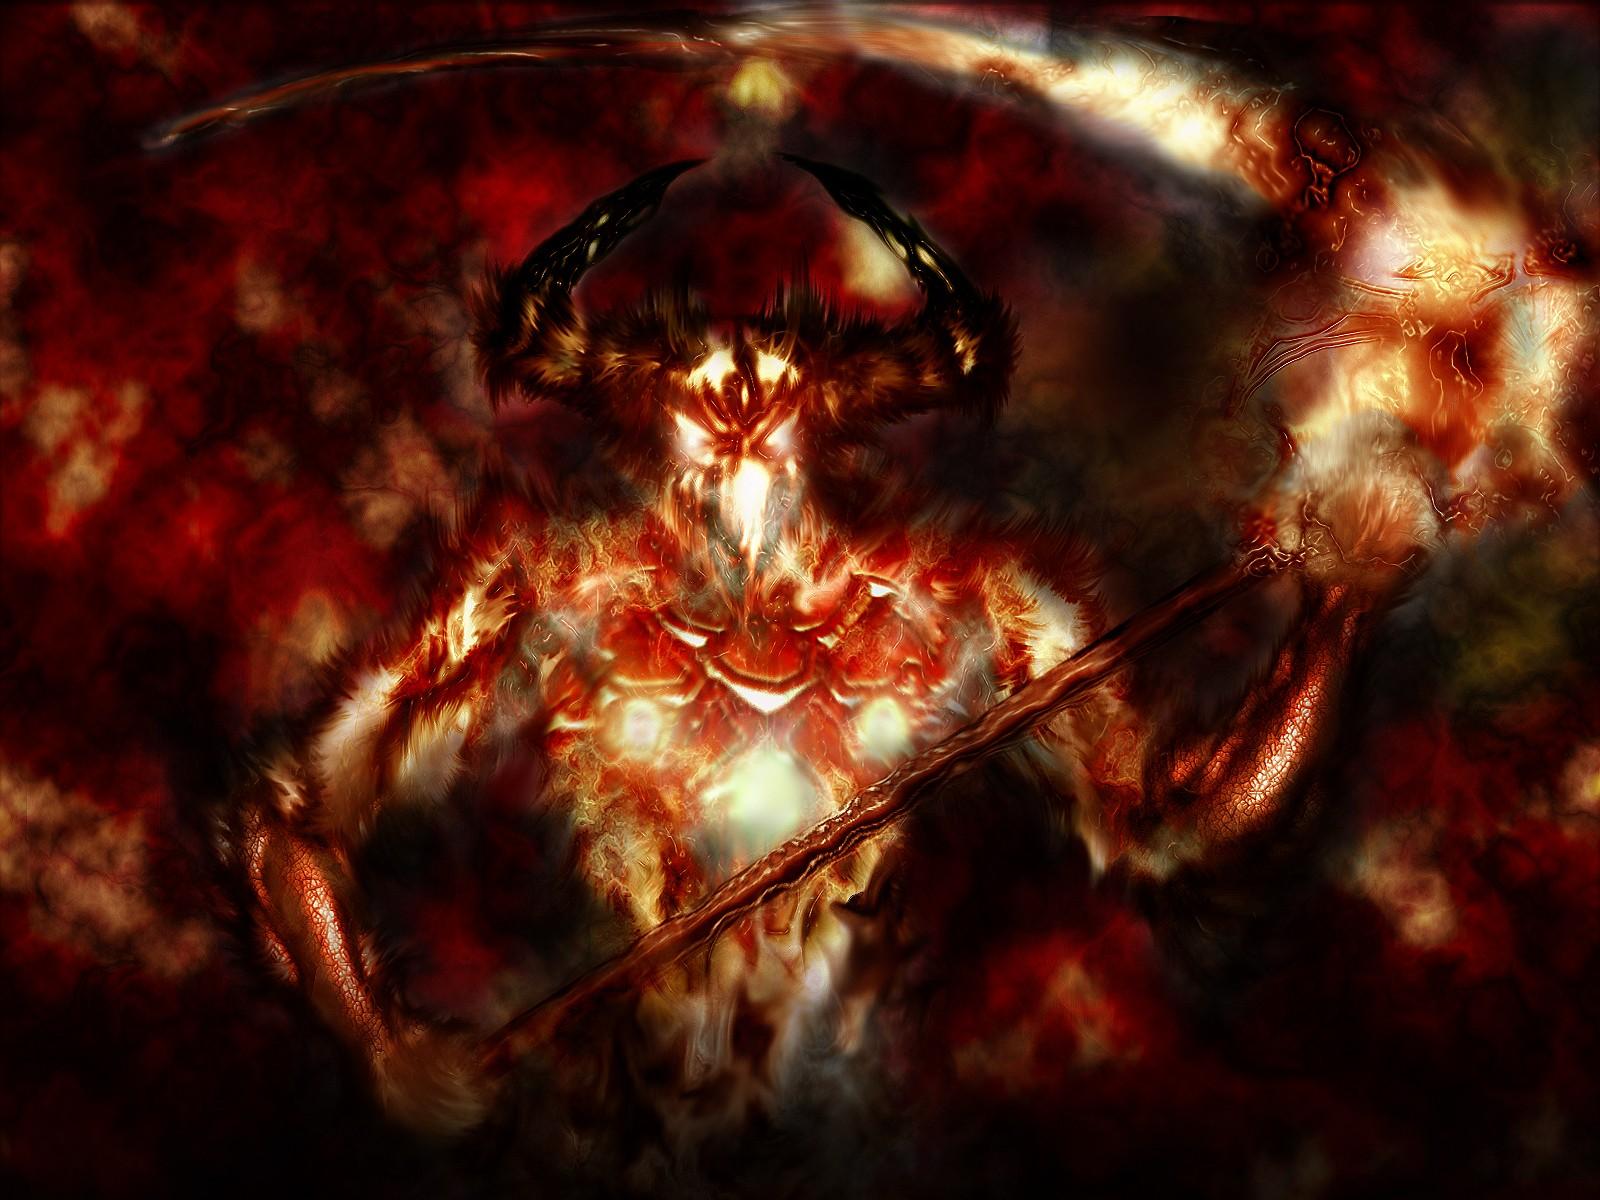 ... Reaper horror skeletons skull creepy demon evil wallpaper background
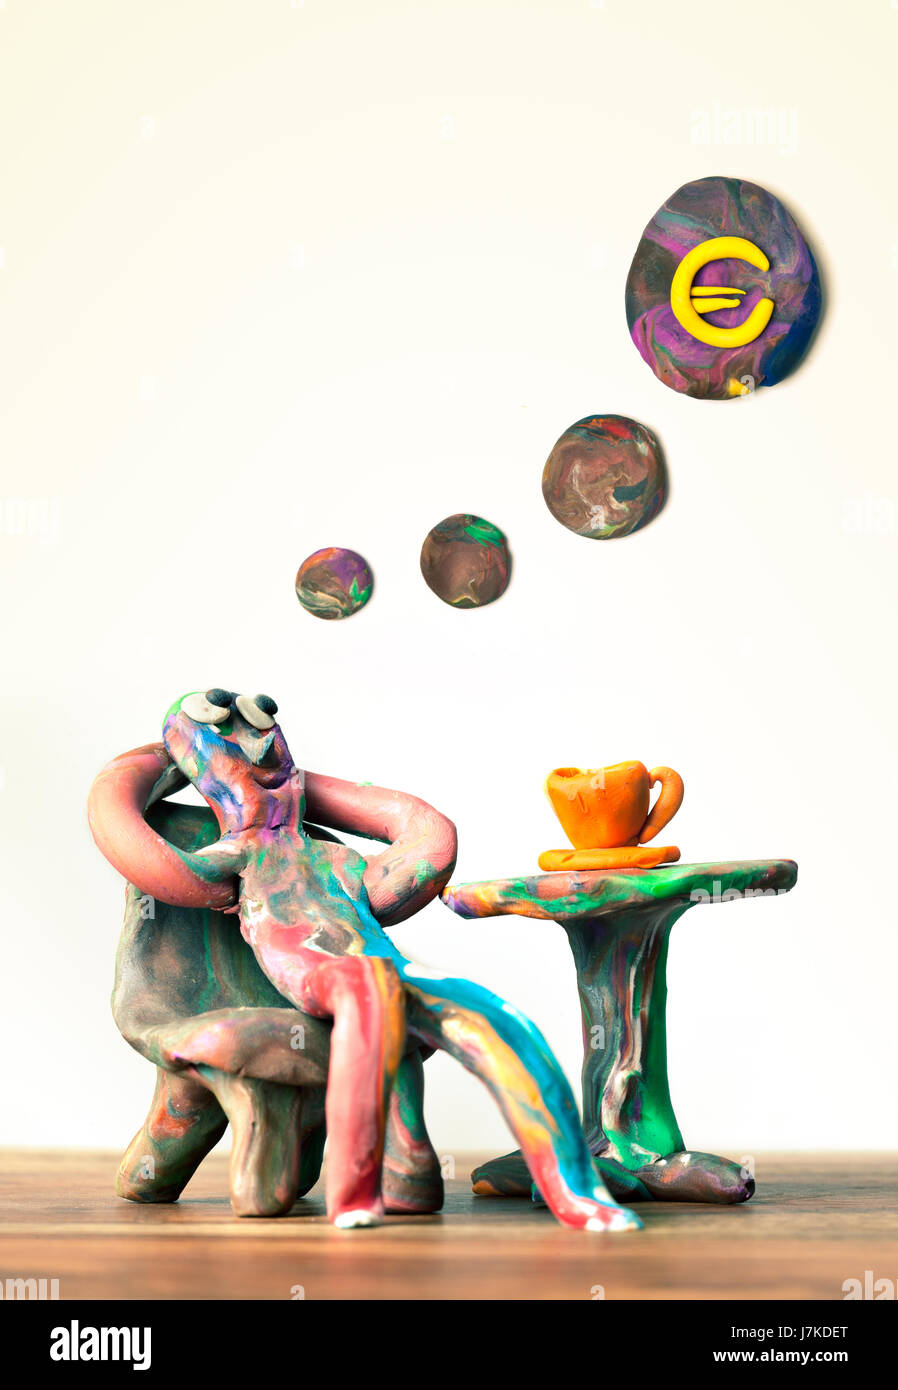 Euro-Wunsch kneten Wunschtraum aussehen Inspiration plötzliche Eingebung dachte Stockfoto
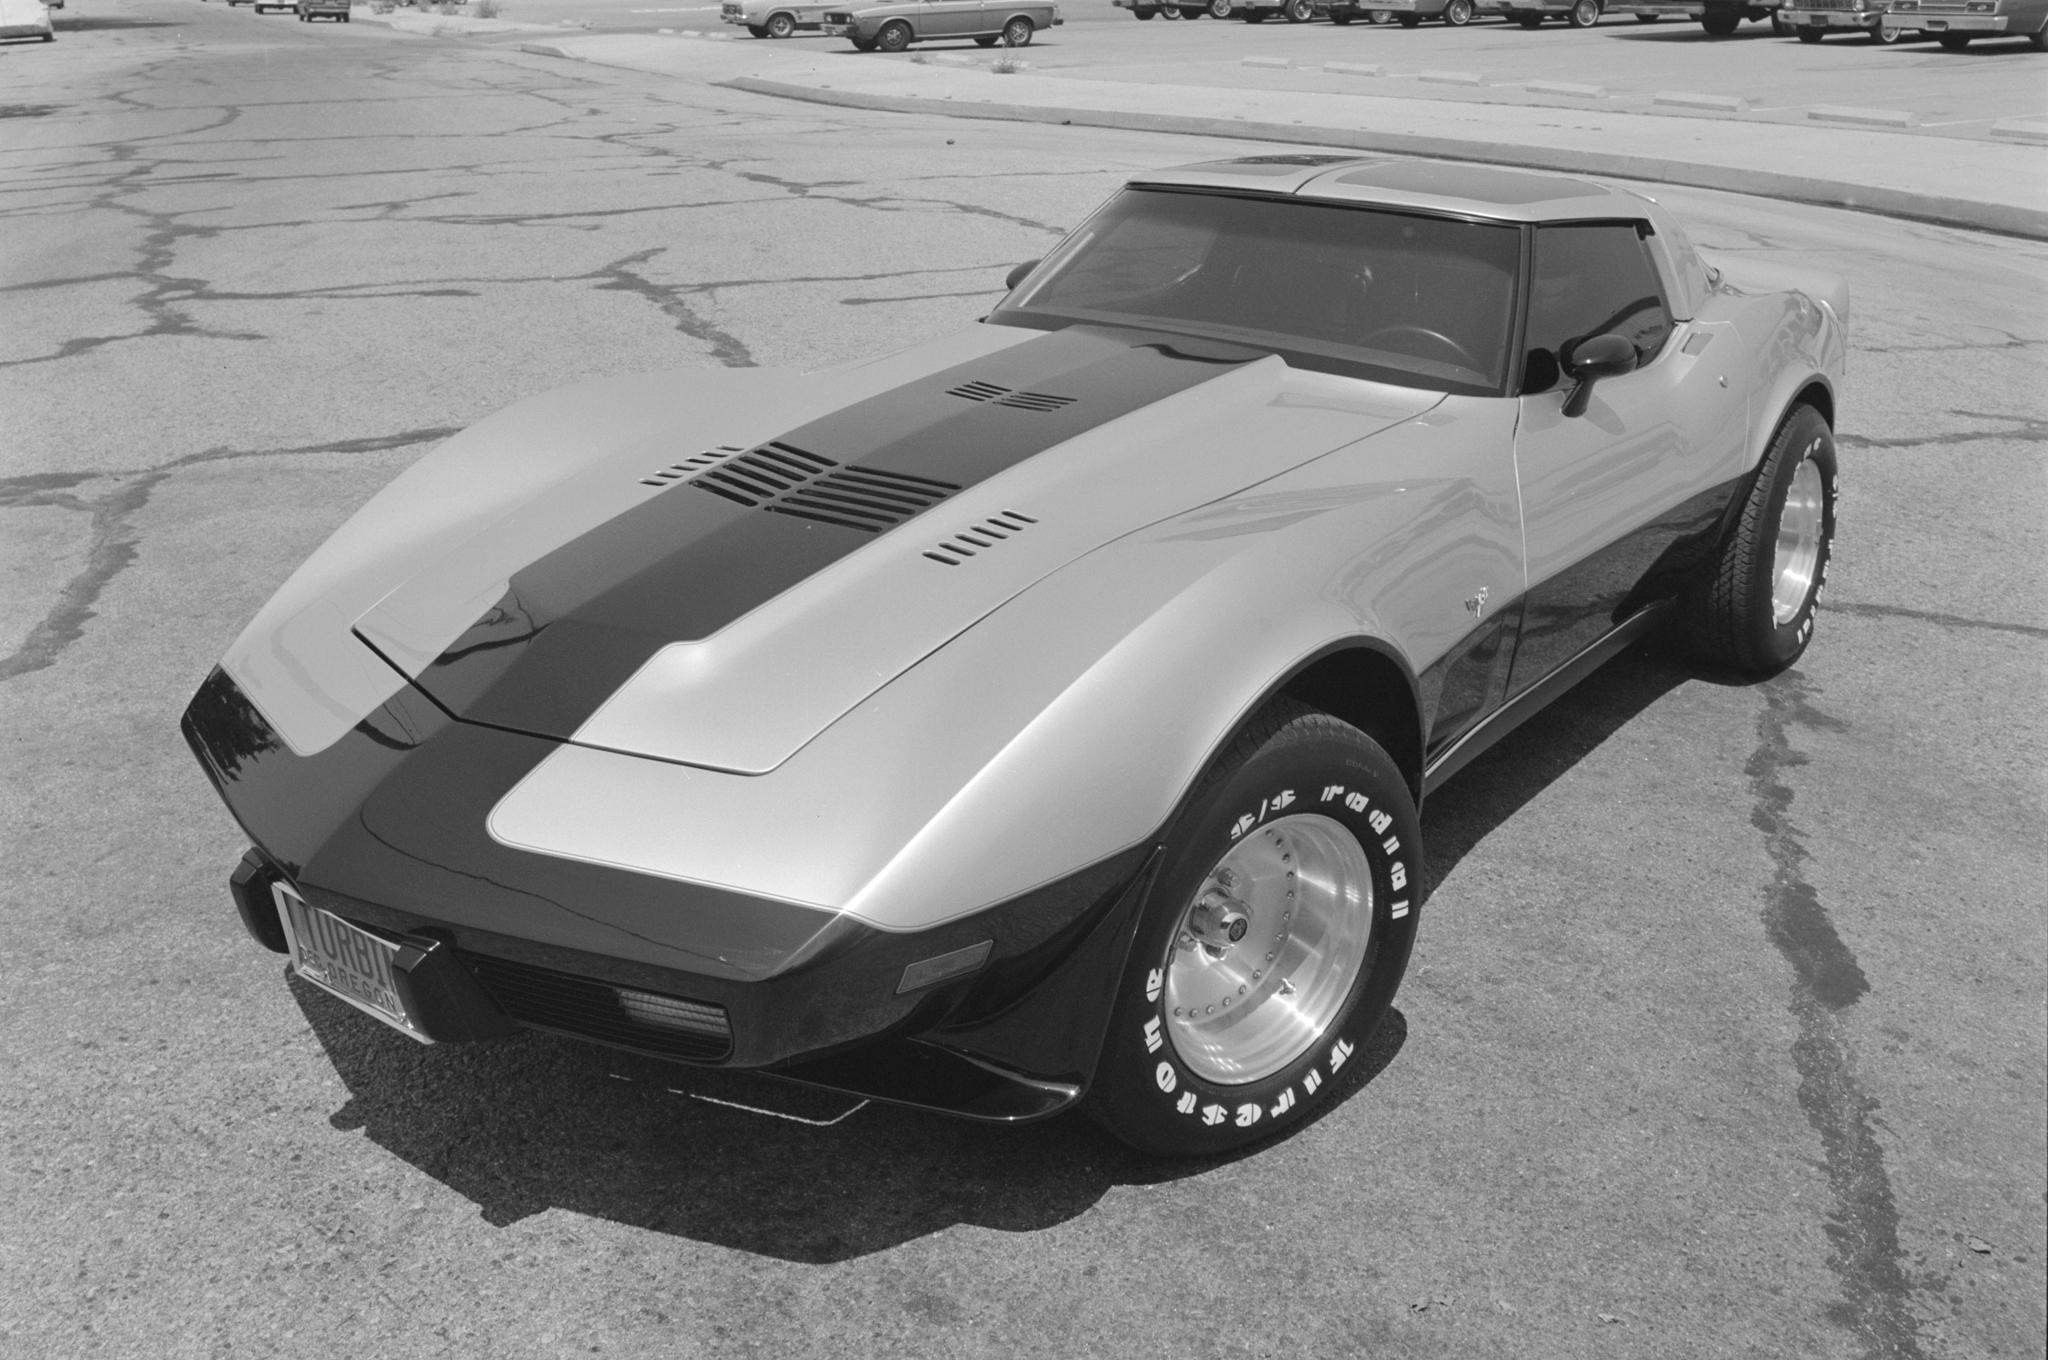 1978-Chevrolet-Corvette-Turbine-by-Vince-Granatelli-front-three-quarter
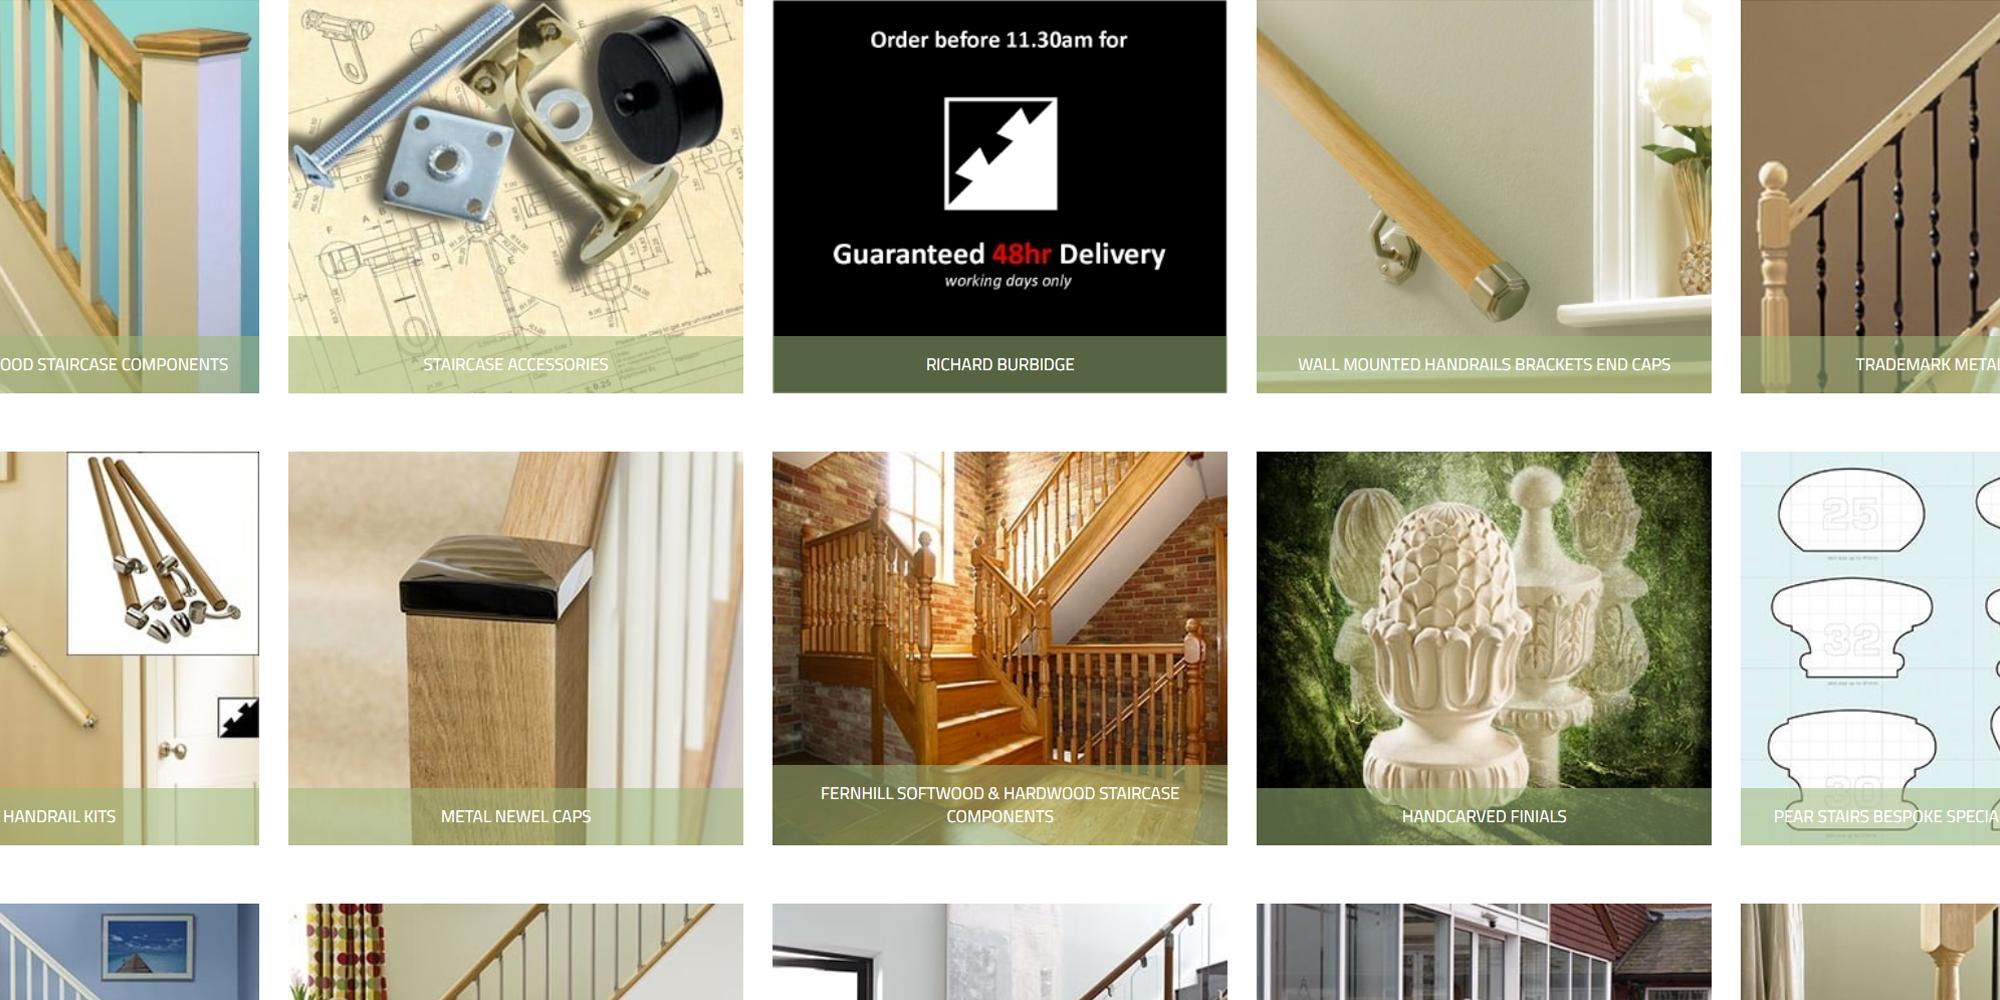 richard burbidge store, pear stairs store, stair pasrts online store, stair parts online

_ _ _ _

Since only the text is needed, retype the data above exactly and omit the pictures.

 ... Reaper horror skeletons skull creepy demon evil wallpaper background
 Euro-Wunsch kneten Wunschtraum aussehen Inspiration plötzliche Eingebung dachte Stockfoto
 1978-Chevrolet-Corvette-Turbine-by-Vince-Granatelli-front-three-quarter
 richard burbidge store, pear stairs store, stair pasrts online store, stair parts online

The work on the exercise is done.